▸ **What you have to do**
What you produce should be an exact transcription of the data, minus any pictures.

(Supplied material Opens)

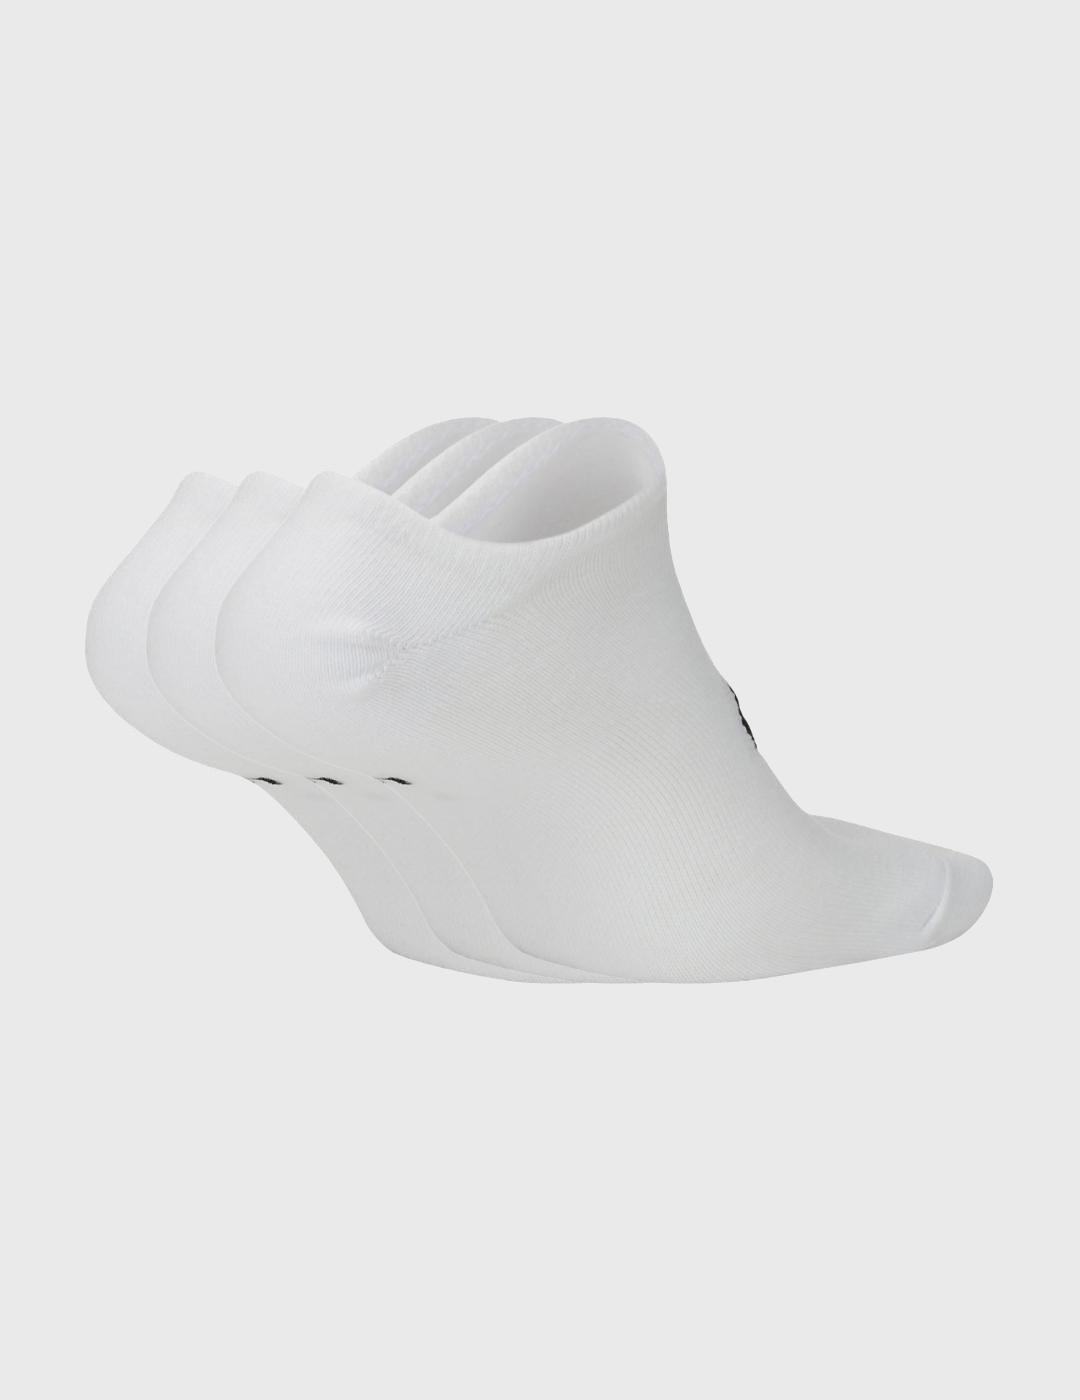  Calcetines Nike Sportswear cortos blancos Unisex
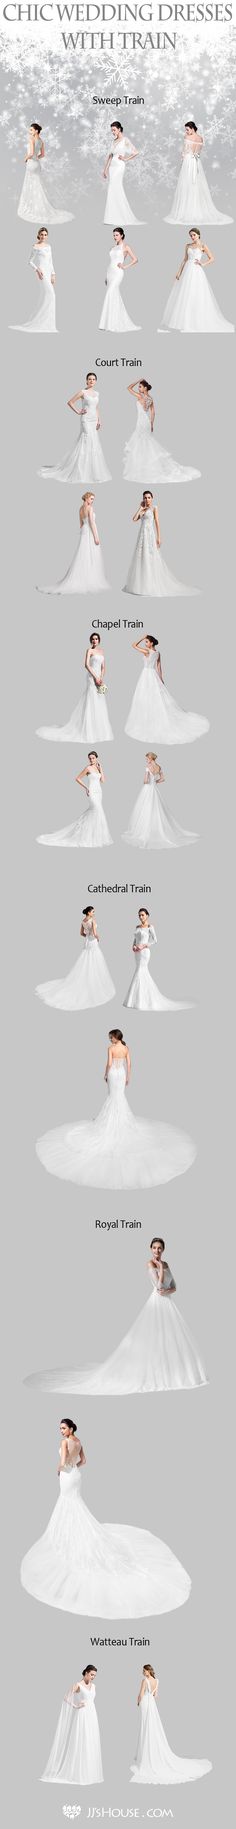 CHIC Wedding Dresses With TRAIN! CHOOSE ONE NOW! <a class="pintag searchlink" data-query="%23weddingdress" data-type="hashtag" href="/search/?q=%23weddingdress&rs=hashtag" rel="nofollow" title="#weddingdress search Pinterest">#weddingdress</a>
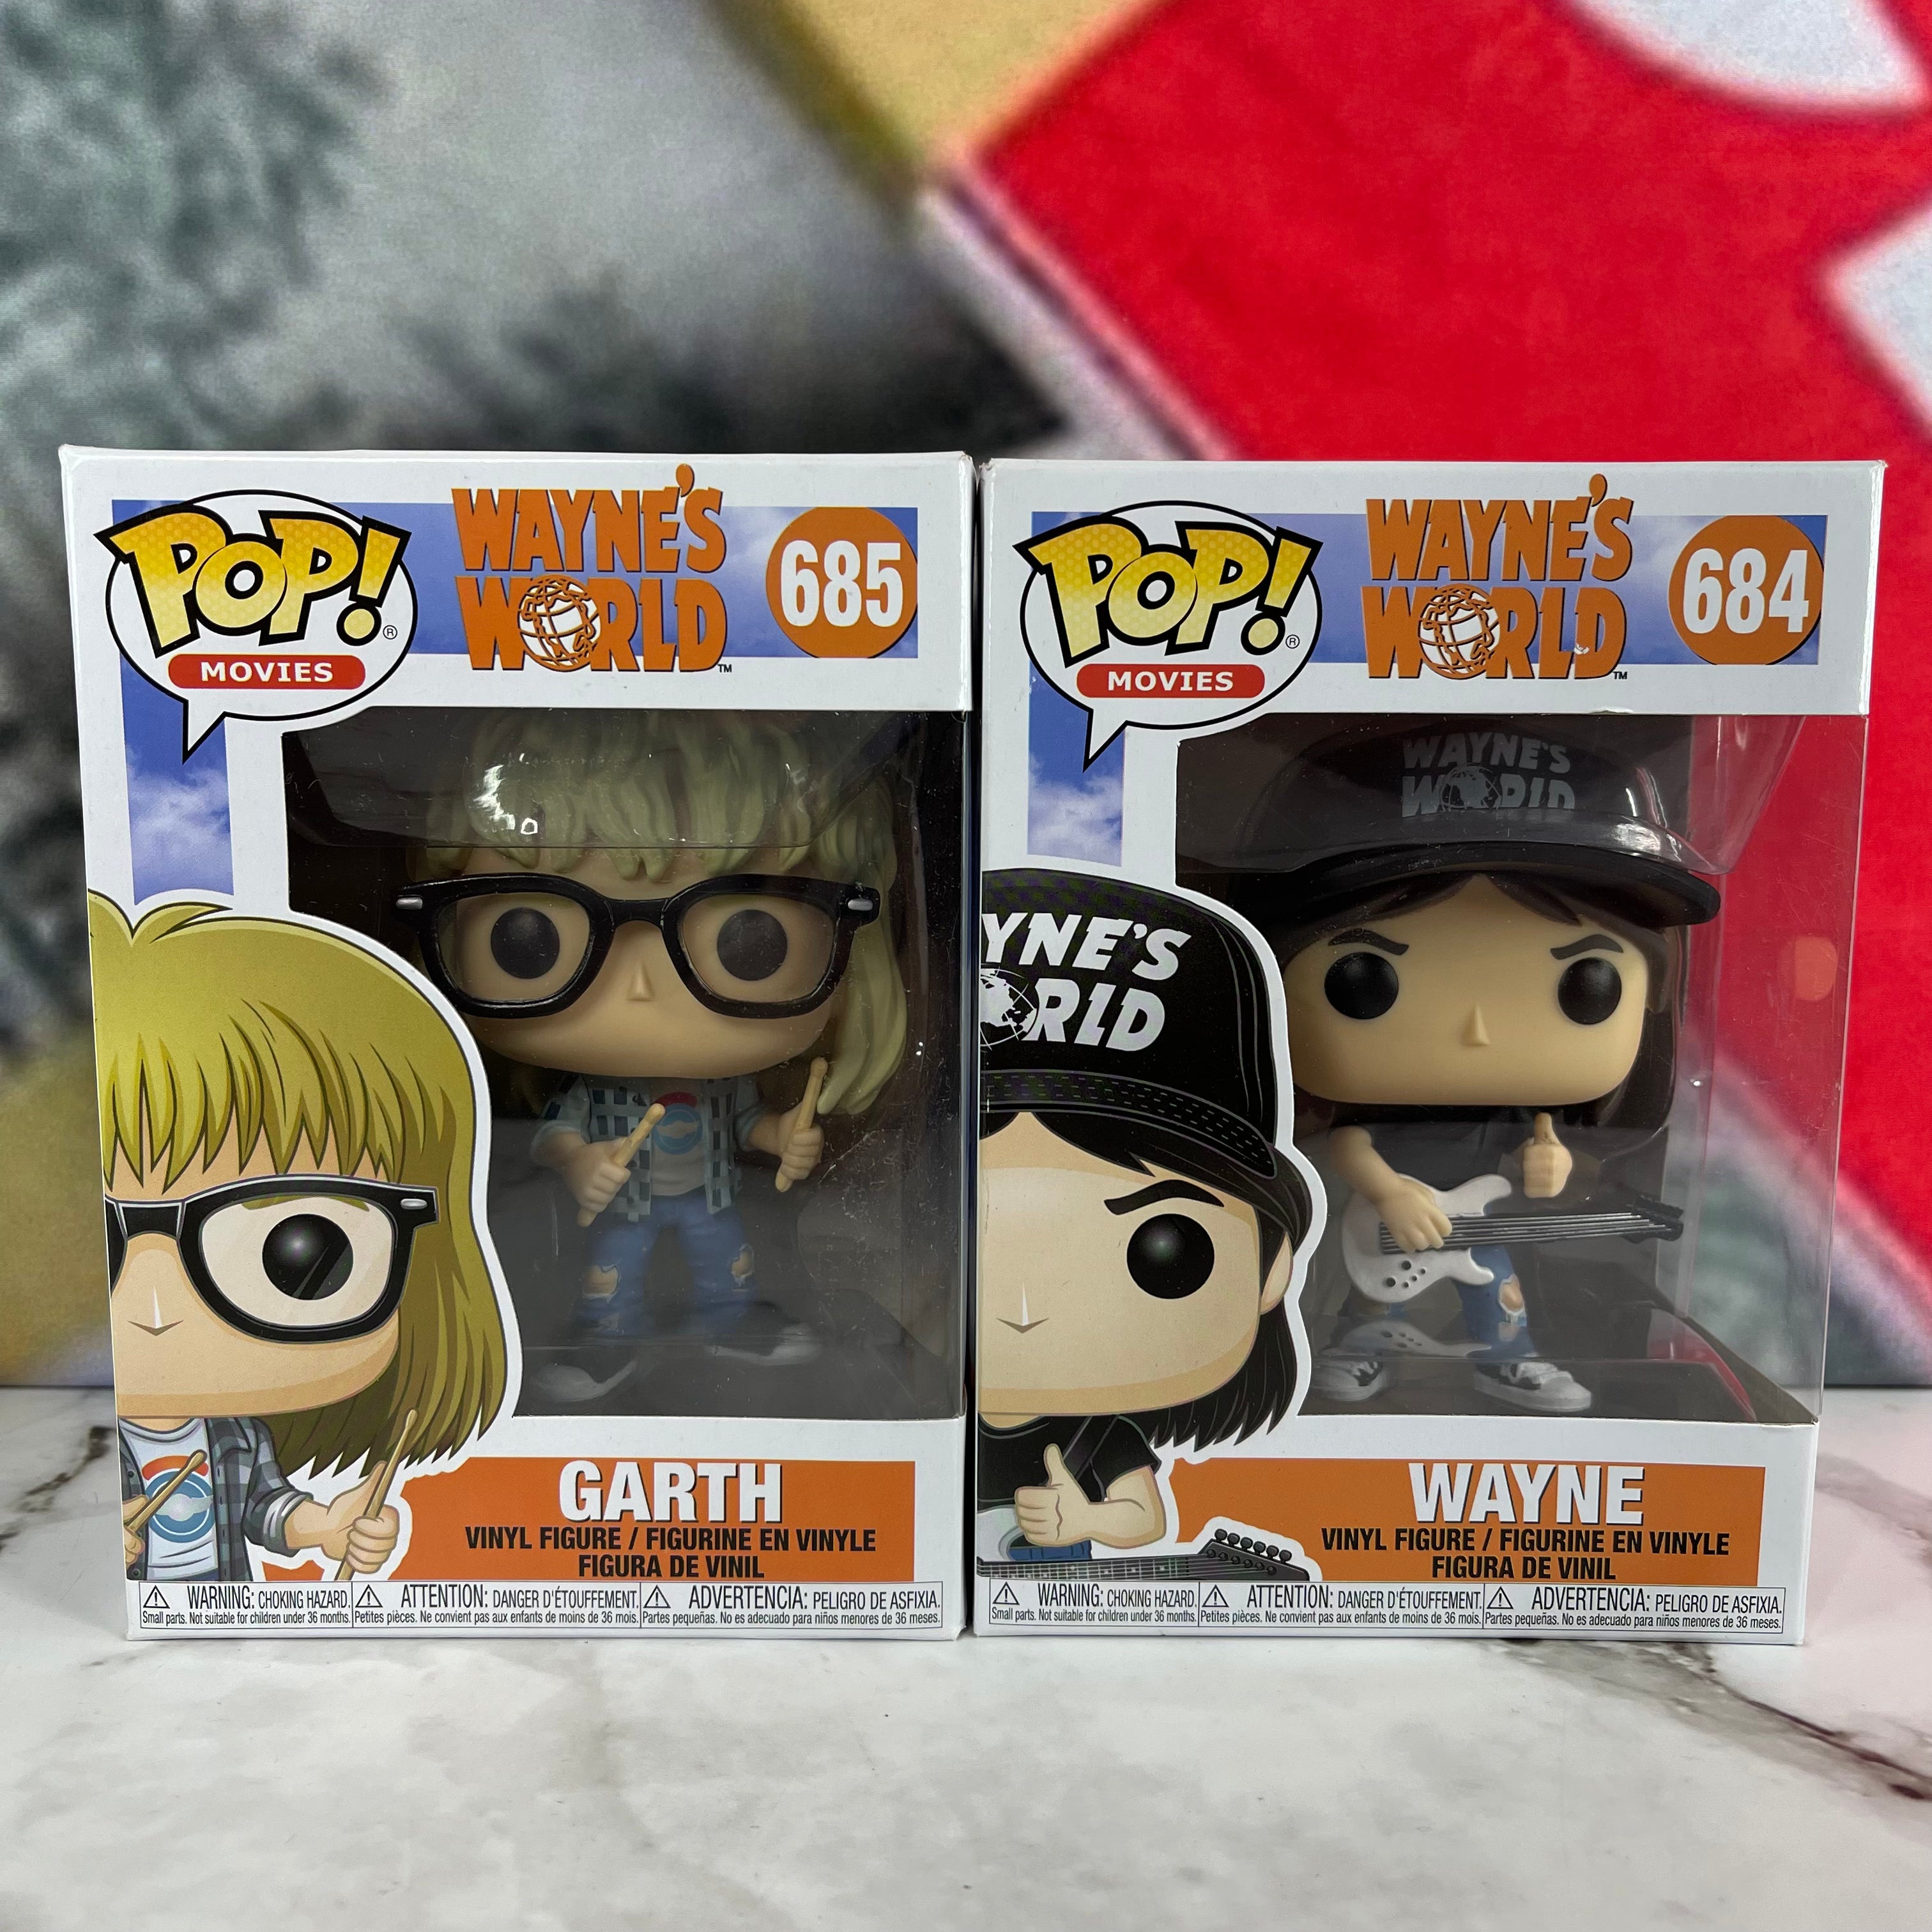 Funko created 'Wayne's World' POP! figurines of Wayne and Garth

(Supplied material Closes)

▸ **Reply**
  Calcetines Nike Sportswear cortos blancos Unisex
 CHIC Wedding Dresses With TRAIN! CHOOSE ONE NOW! <a class="pintag searchlink" data-query="%23weddingdress" data-type="hashtag" href="/search/?q=%23weddingdress&rs=hashtag" rel="nofollow" title="#weddingdress search Pinterest">#weddingdress</a>
 Funko created 'Wayne's World' POP! figurines of Wayne and Garth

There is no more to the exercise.